I once heard a definition of what it means to be a successful man by a true survivor. I went something like this: If you have one person, one friend, one other soul in your life who – when “they” come for you; and they will come for you, if not today or tomorrow or sometime, they will come for you. If there is that one soul who, when you’re running for your life from them, will take you in and shelter you and give up their life for you then you are a successful man.

Well, they are coming for us, as they always have.






It makes you stop. It makes you think that the decision that has been weighing so heavily on your mind lately – whether to go with short or long hair this summer – is all that important.

Harvey Milk Day is 10 days away. It is celebrated around the world on May 22nd. The very least we can do to honour his legacy as our hero and a heavy-weight champion of human rights, is to do what Harvey did: recruit. Yea, I said it: recruit.
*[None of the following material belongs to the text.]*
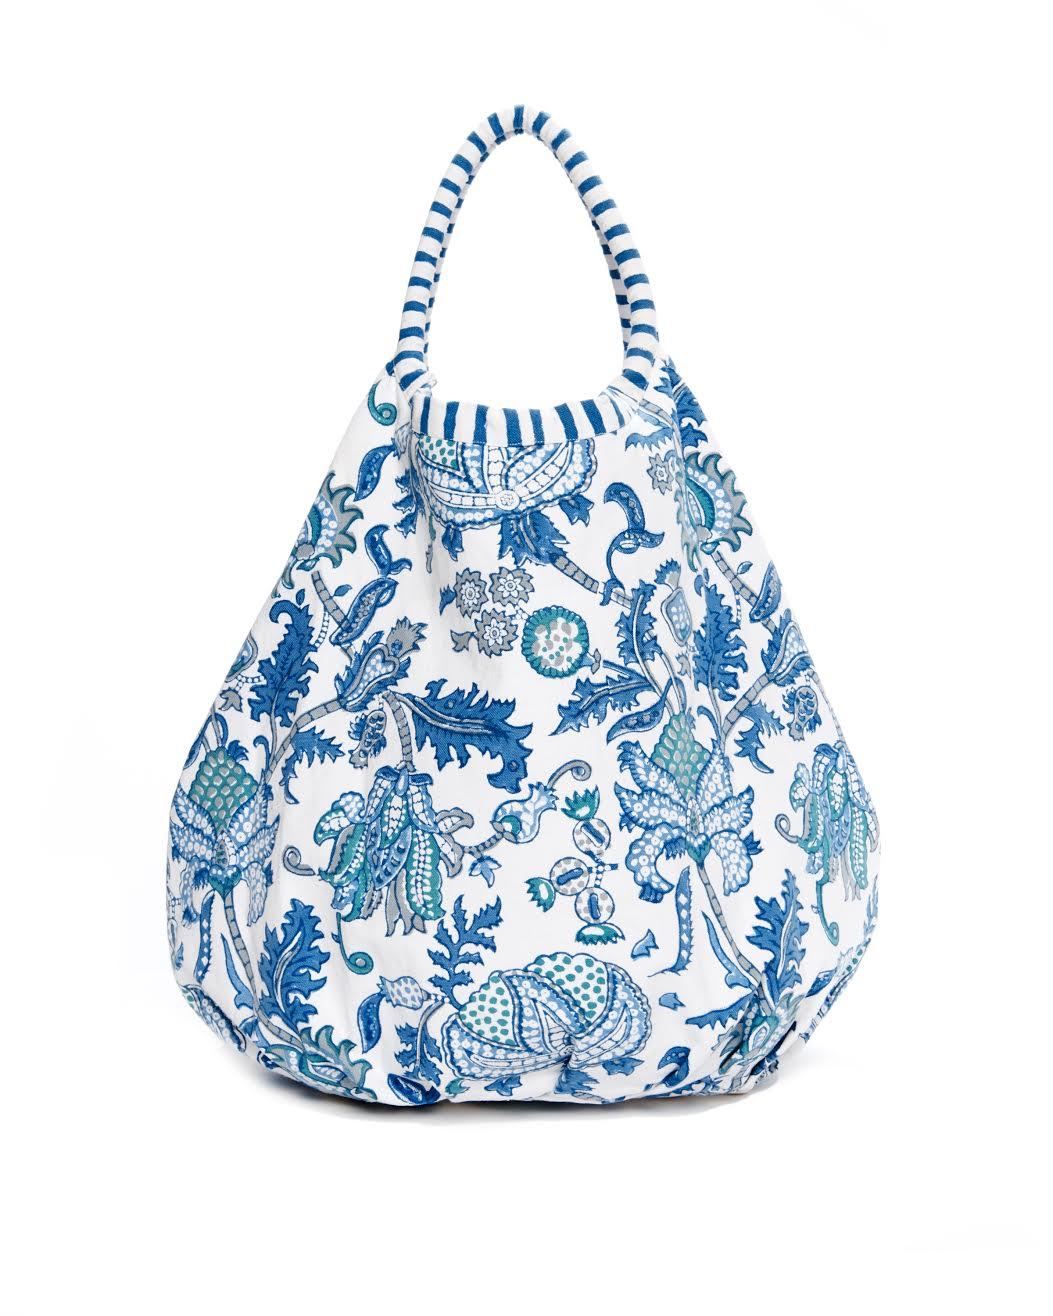 Roberta Roller Rabbit: Bondi Beach Bag
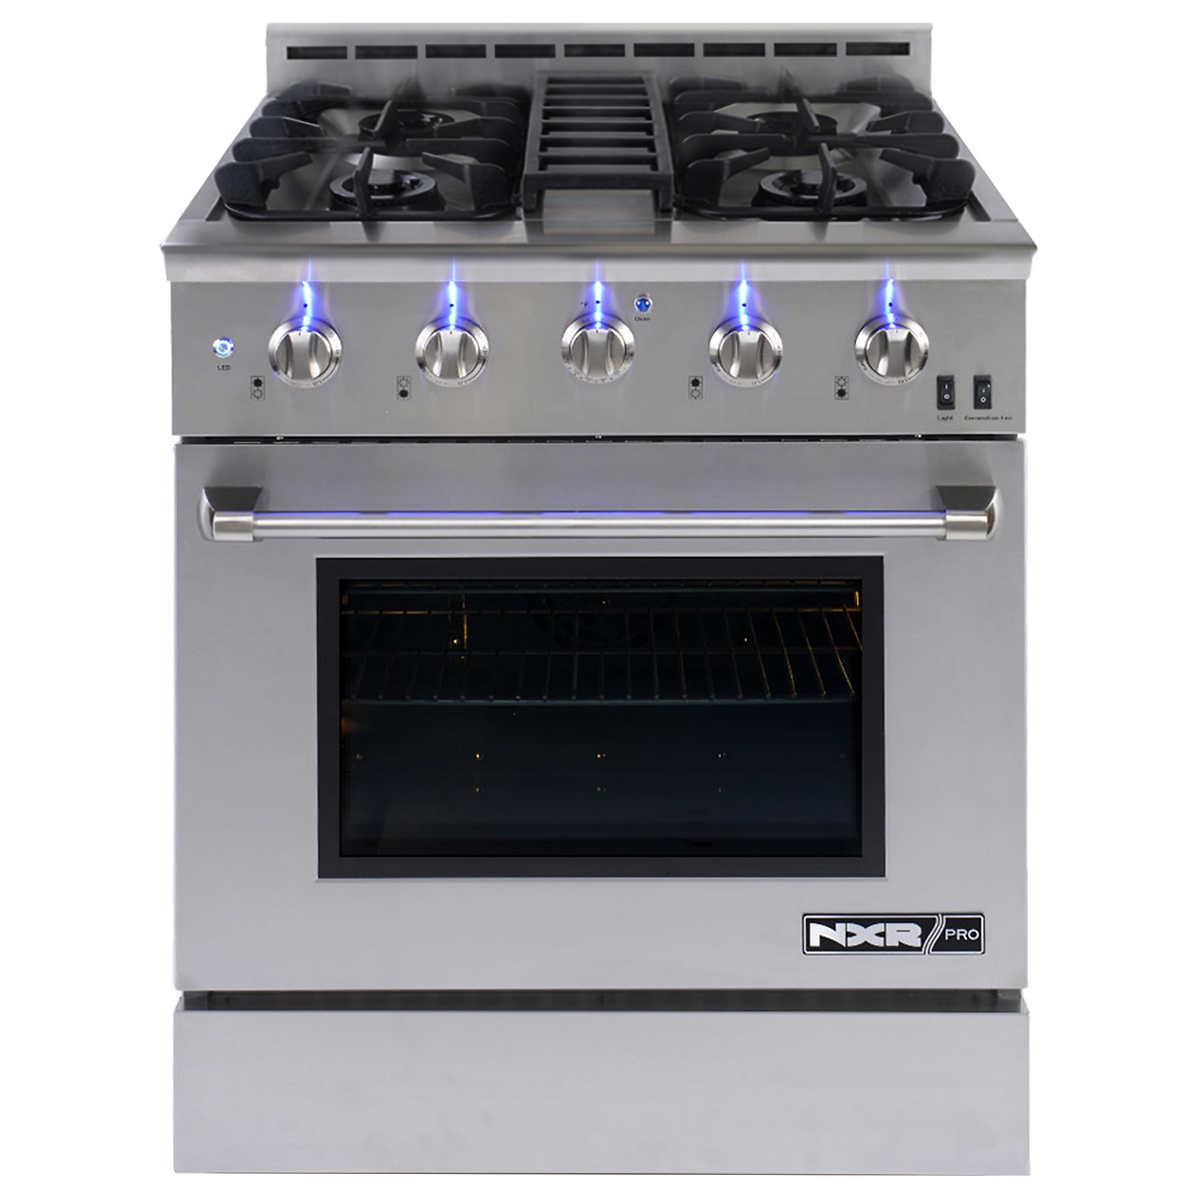 Whirlpool 5 burner gas range - Nxr Pro 30 Professional Style Gas Range In Stainless Steel Nxrpro3051

Thirty-three years ago, Harvey gave his famous Hope Speech, which he began by saying:
“My name is Harvey Milk and I’m here to recruit you.”
He was the first political figure that I am aware of who recruited for a cause called hope.
“And the young gay people… The only thing they have to look forward to is hope. And you have to give them hope. Hope for a better world, hope for a better tomorrow, hope for a better place to come to if the pressures at home are too great. Hope that all will be all right. Without hope, not only gays, but the blacks, the seniors, the handicapped, the us'es, the us'es will give up.”
We can’t give up. We just can’t. We must keep putting great effort into our lives and others. 

We can do all that is gay – the fun, the fabulousness, the fashion, the fitness and, yes, the fucking – and we can fight. We’ve done it before and we will be called on to do it again and again because they will always come for us. We’re gay. We are the very definition of successful, in every sense of the word. Beat that. You can't. Not anymore. We'll beat back.

If they come this way, here at the end-of-the-road on British Columbia's Sunshine Coast, I'll kick their ass.

My name is Dave Brindle and I’m here, as Harvey said, to recruit “you and you and you, you have to give people hope.” What’s your name?